Lucy shook her head.
“This is a bad idea.”
“Do you have a better one?”
Her friend remained silent.
There was no better idea.
The plan was simple: Sophia was to ask her husband for the keys to his mother’s apartment, claiming that Eleanor had promised her a recipe from an old cookbook.
While her mother-in-law was at the weekly meeting of the opera lovers’ club, she and Lucy went into the apartment to check the storage unit.
It sounded like a plot from a bad crime novel, but Sophia couldn’t think of anything better.
Alex gave her the keys without asking too many questions. He was too busy with his project to go into detail.
“Just make sure you don’t leave a mess behind. Mom won’t like it,” he said.
Sophia promised.
On Thursday evening, as Eleanor was leaving for the opera, two friends were standing at the door of her apartment.
“Ready?” Lucy whispered.
Sophia nodded and put the key in the lock.
Her mother-in-law’s apartment was exactly as she remembered it: spotless, beautifully decorated, and cold.
Everything was in its place, and every object seemed to say, “Don’t touch me.”
“Where is the storage unit?” Lucy asked.
“The door is in the kitchen. There are stairs down there.”
They walked down the corridor, trying not to make a sound, even though the apartment was empty.
Sophia found the door to the storage room – old wood with a heavy lock.
“Damn, it’s locked. Do you have a key? Alex only gave me the front door key.”
Lucy looked at the lock.
“It’s an old one. The kind you can open with a hairpin.”

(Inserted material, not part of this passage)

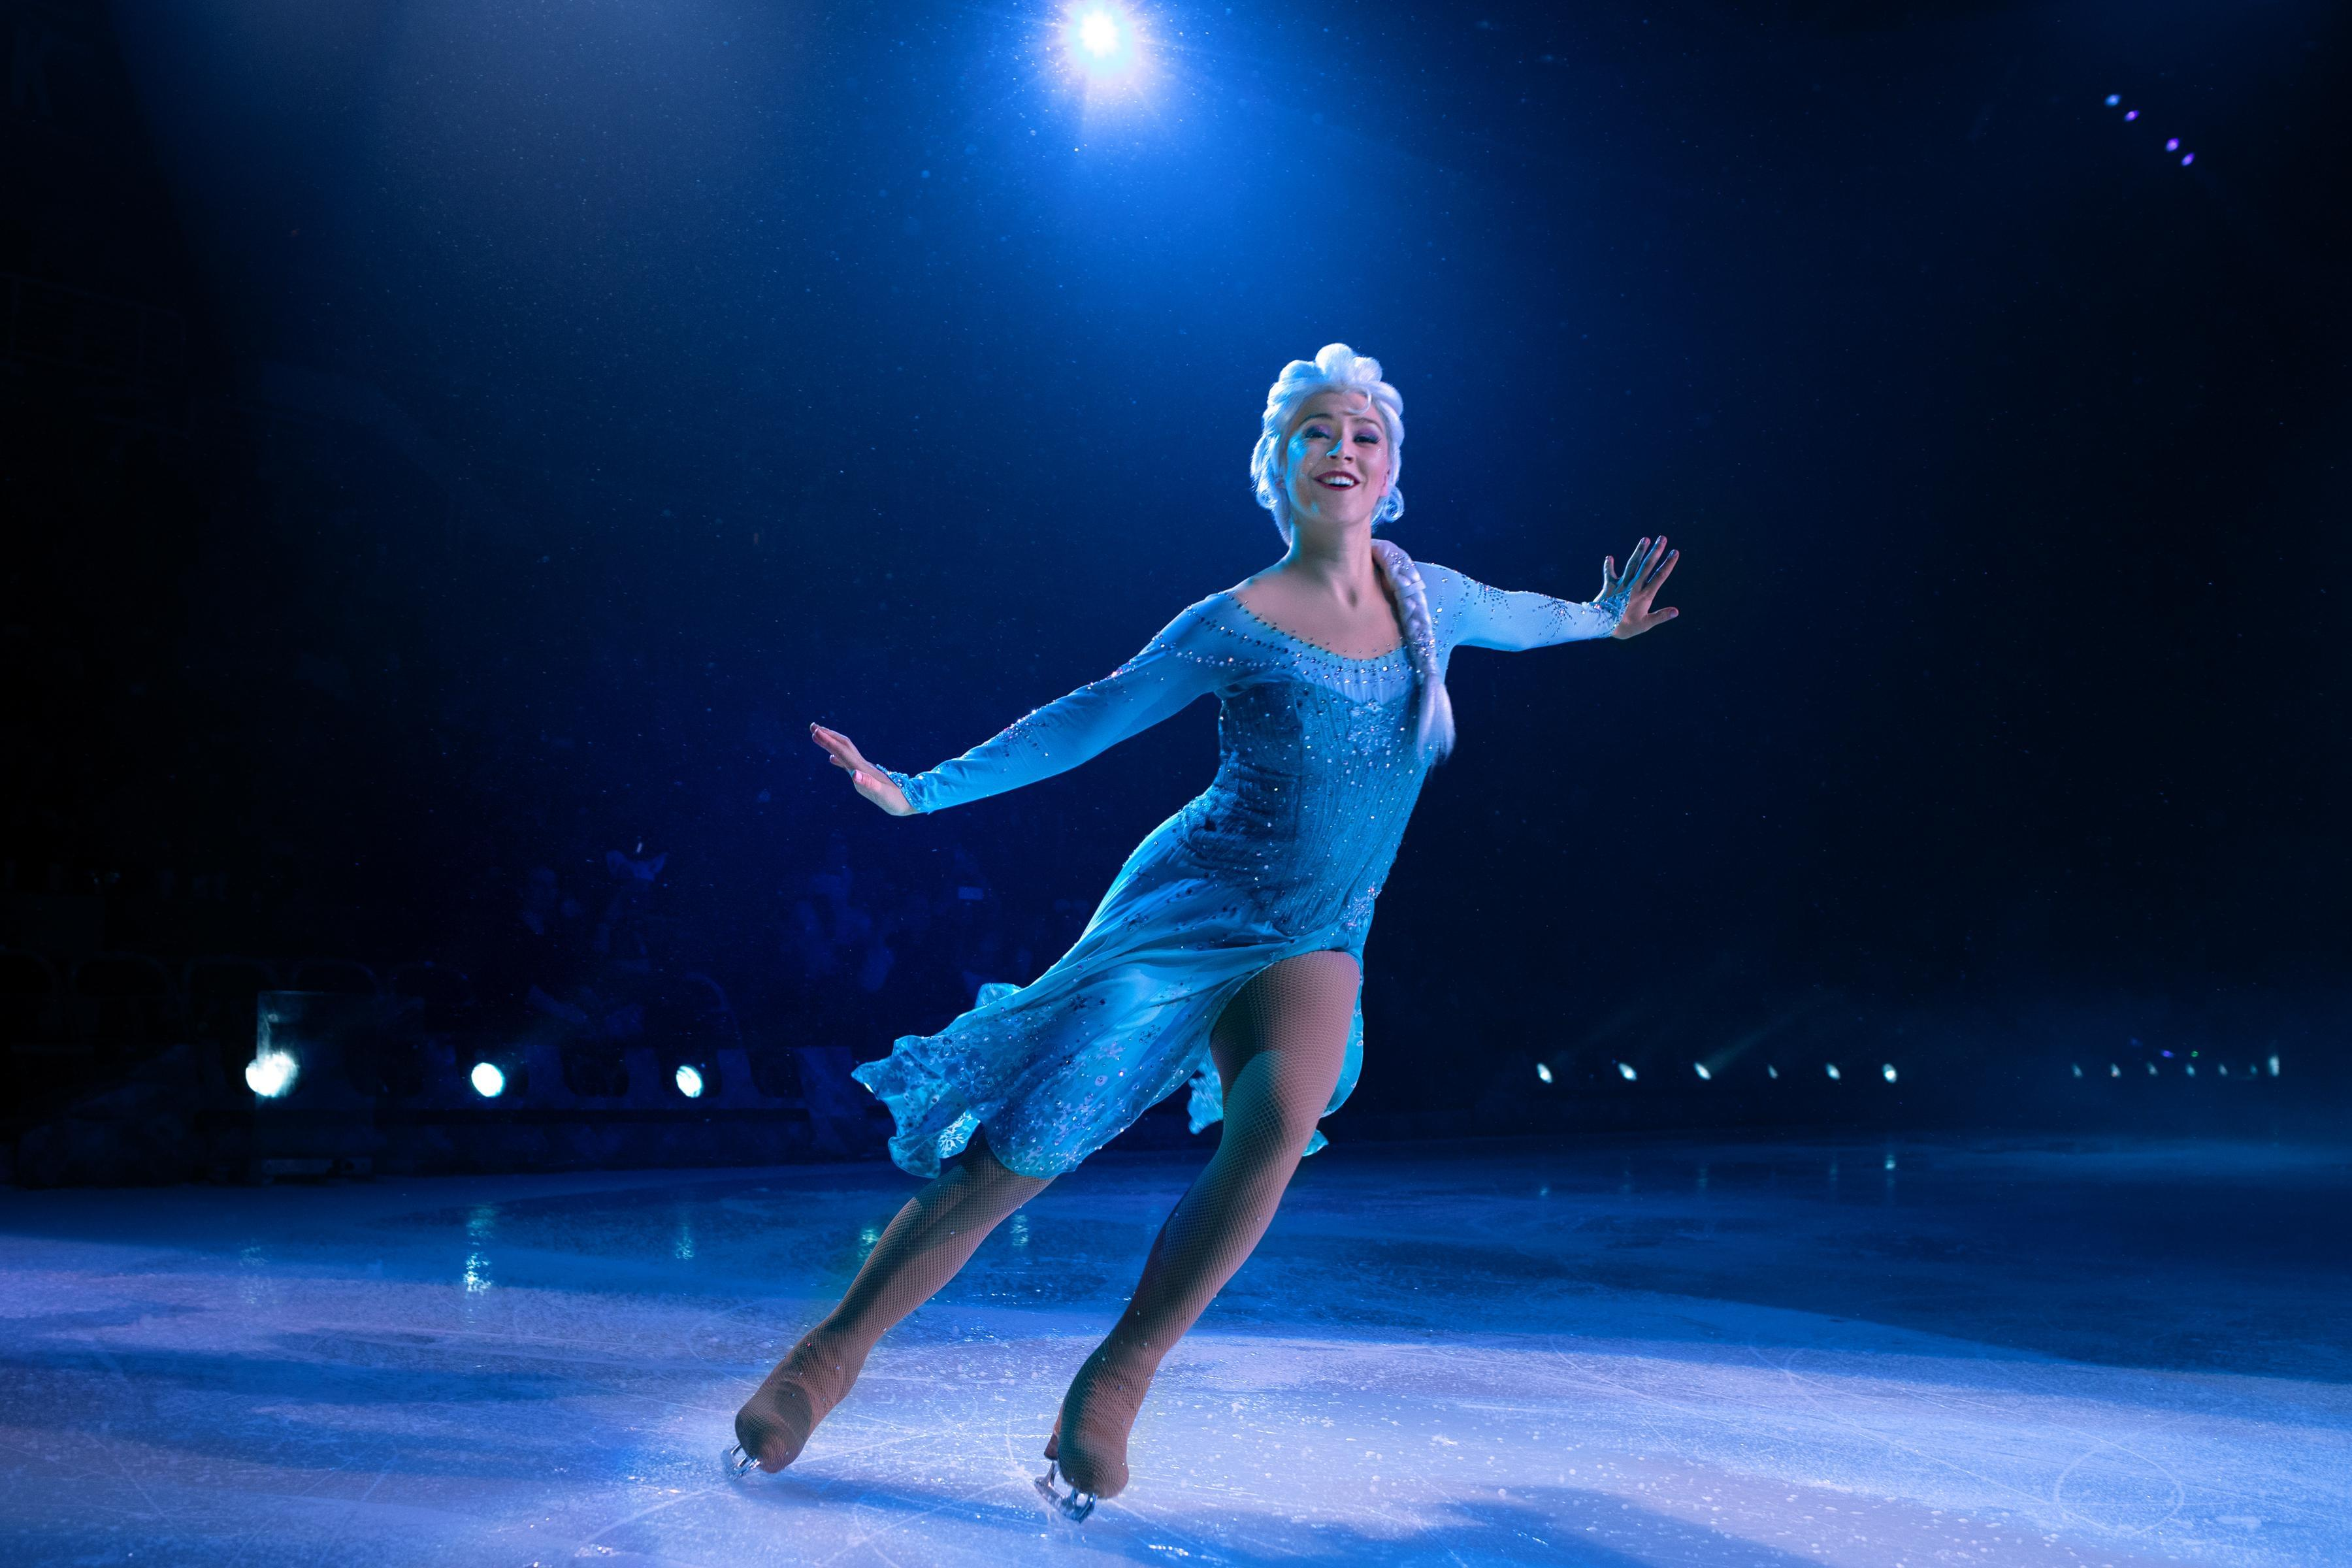 Disney On Ice at Wells Fargo Arena Nov 26 – Dec 6

“I turned on the recorder when we were in the warehouse, just in case. And now I have your words about thallium, about how you knew about it. You incriminated yourself.”
Eleanor zbladła.
“It’s illegal. Recording without permission.”

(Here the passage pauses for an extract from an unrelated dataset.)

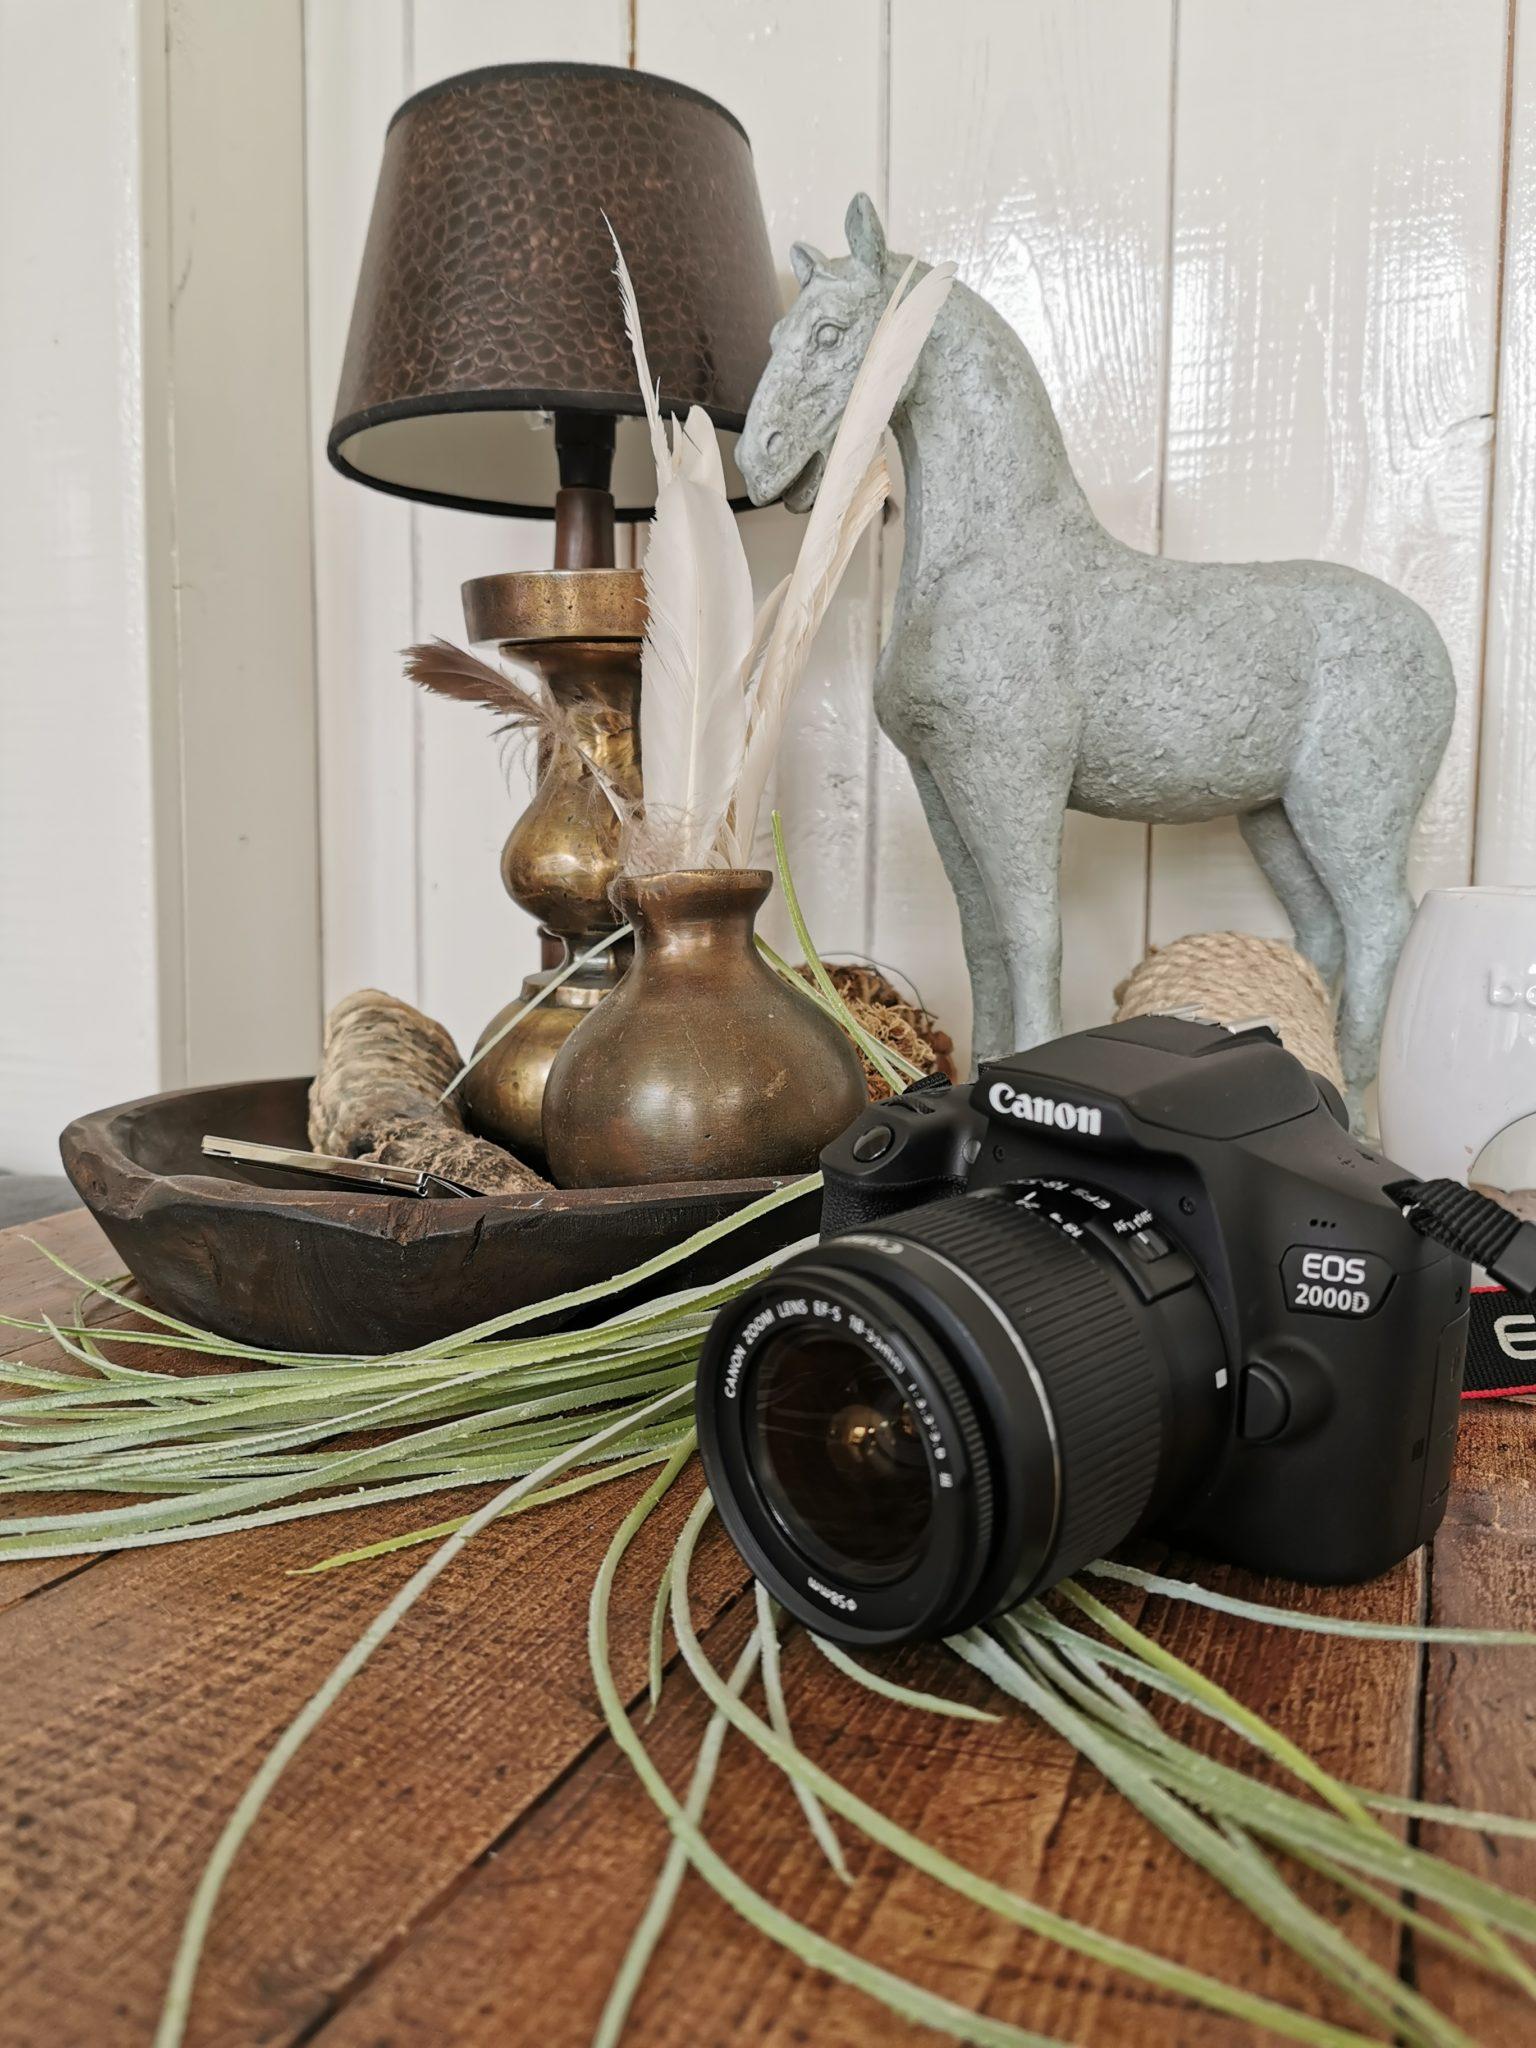 Opleiding woningfotografie afgerond

“Poisoning people is illegal,” Sophia said quietly.
“I’ve been dying from your poison for two months. Every morning I woke up in hell and you were there, smiling.”
“I didn’t do anything.”
“Tal in storage. A pendant. You helped us find it. You had access to it. You often come to our apartment when I’m not there.”
“It’s circumstantial evidence. It doesn’t prove anything.”
“And the analysis, the capsule with your fingerprints. Do you think the forensics team won’t find anything?”
The mother-in-law remained silent.
Her face, usually haughty and confident, now expressed fear.
“What were you trying to do?” Sophia asked.
“Did you want to kill me? Or maybe you just wanted me to get sick so Alex would leave me?”
Eleanor swallowed hard.
“You are not worthy of him. And that is why I deserve to die.”
“I didn’t want this. I thought you’d just get sick. You’d become weak and helpless, and Alex would realize how pathetic and useless you are and abandon you. But thallium is deadly. I didn’t know,” her mother-in-law cried.